[What is needed]: The entries are to be reproduced verbatim, with all pictures omitted.

[Data for the task]:
__________

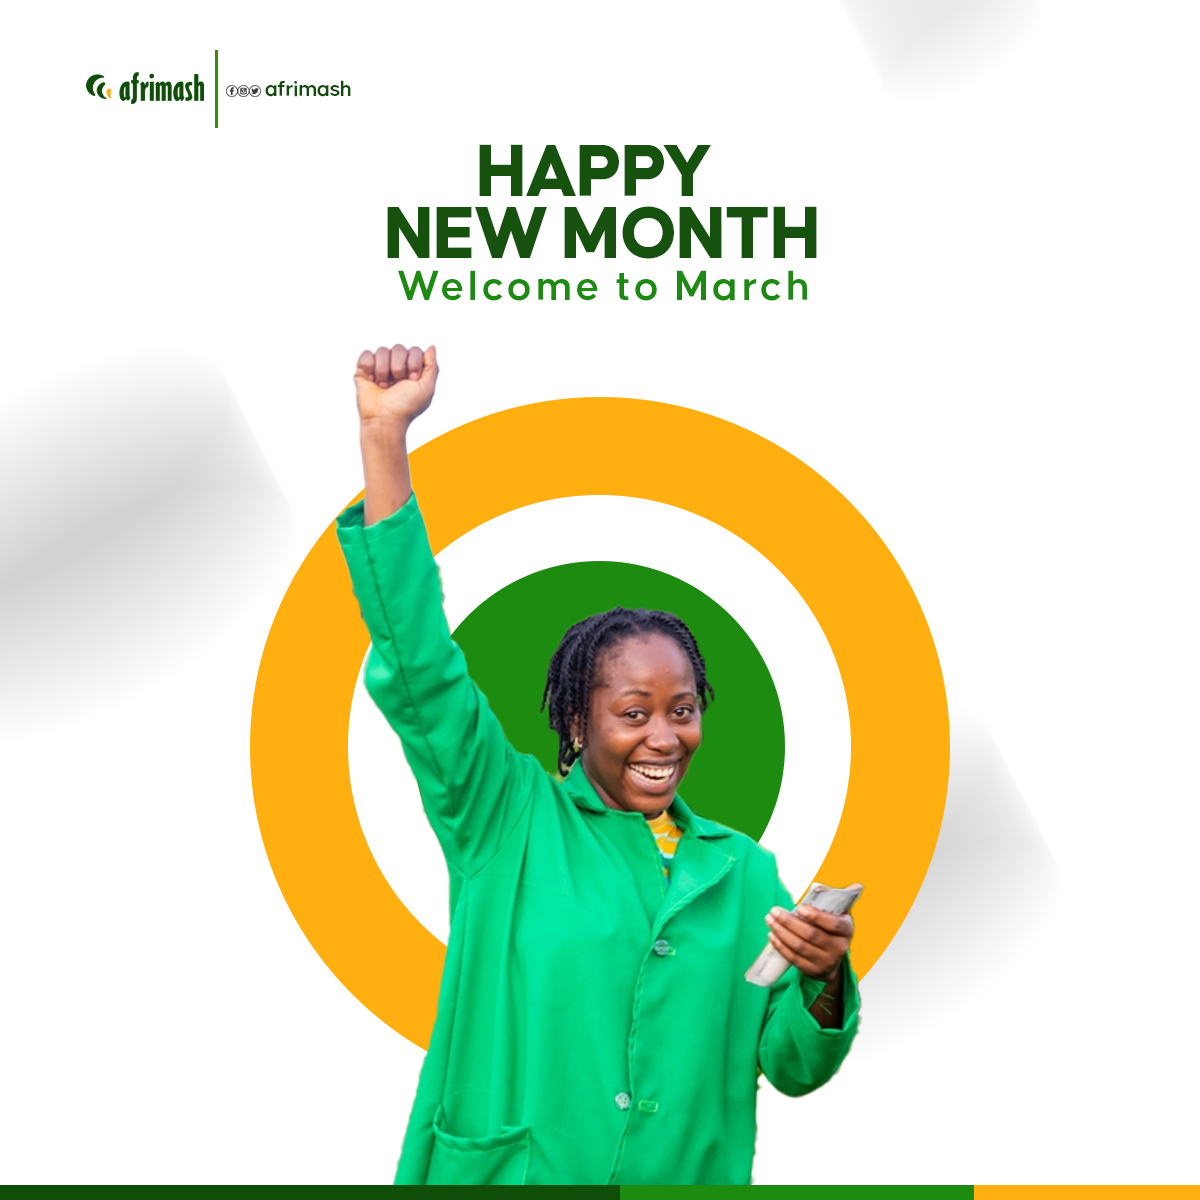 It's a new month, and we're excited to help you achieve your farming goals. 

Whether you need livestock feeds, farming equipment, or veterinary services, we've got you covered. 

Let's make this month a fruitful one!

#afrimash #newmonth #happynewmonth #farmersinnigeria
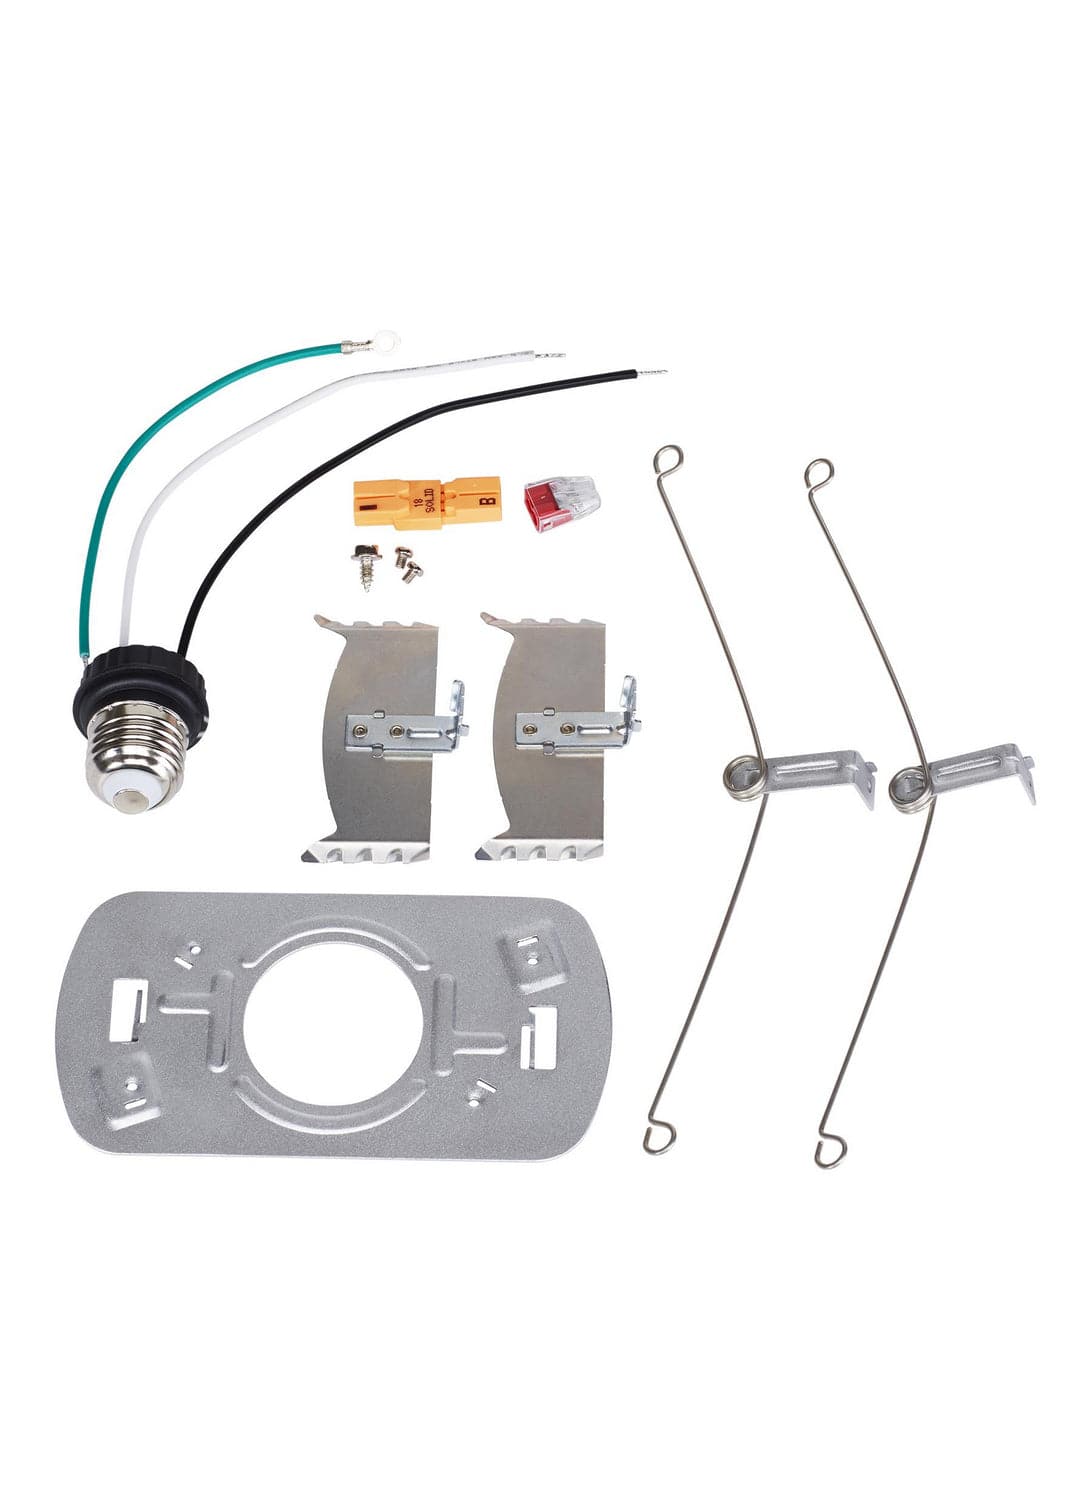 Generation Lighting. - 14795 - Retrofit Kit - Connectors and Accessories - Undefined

__________

[Response to the exercise]:
 It's a new month, and we're excited to help you achieve your farming goals. 

Whether you need livestock feeds, farming equipment, or veterinary services, we've got you covered. 

Let's make this month a fruitful one!

#afrimash #newmonth #happynewmonth #farmersinnigeria
 Generation Lighting. - 14795 - Retrofit Kit - Connectors and Accessories - Undefined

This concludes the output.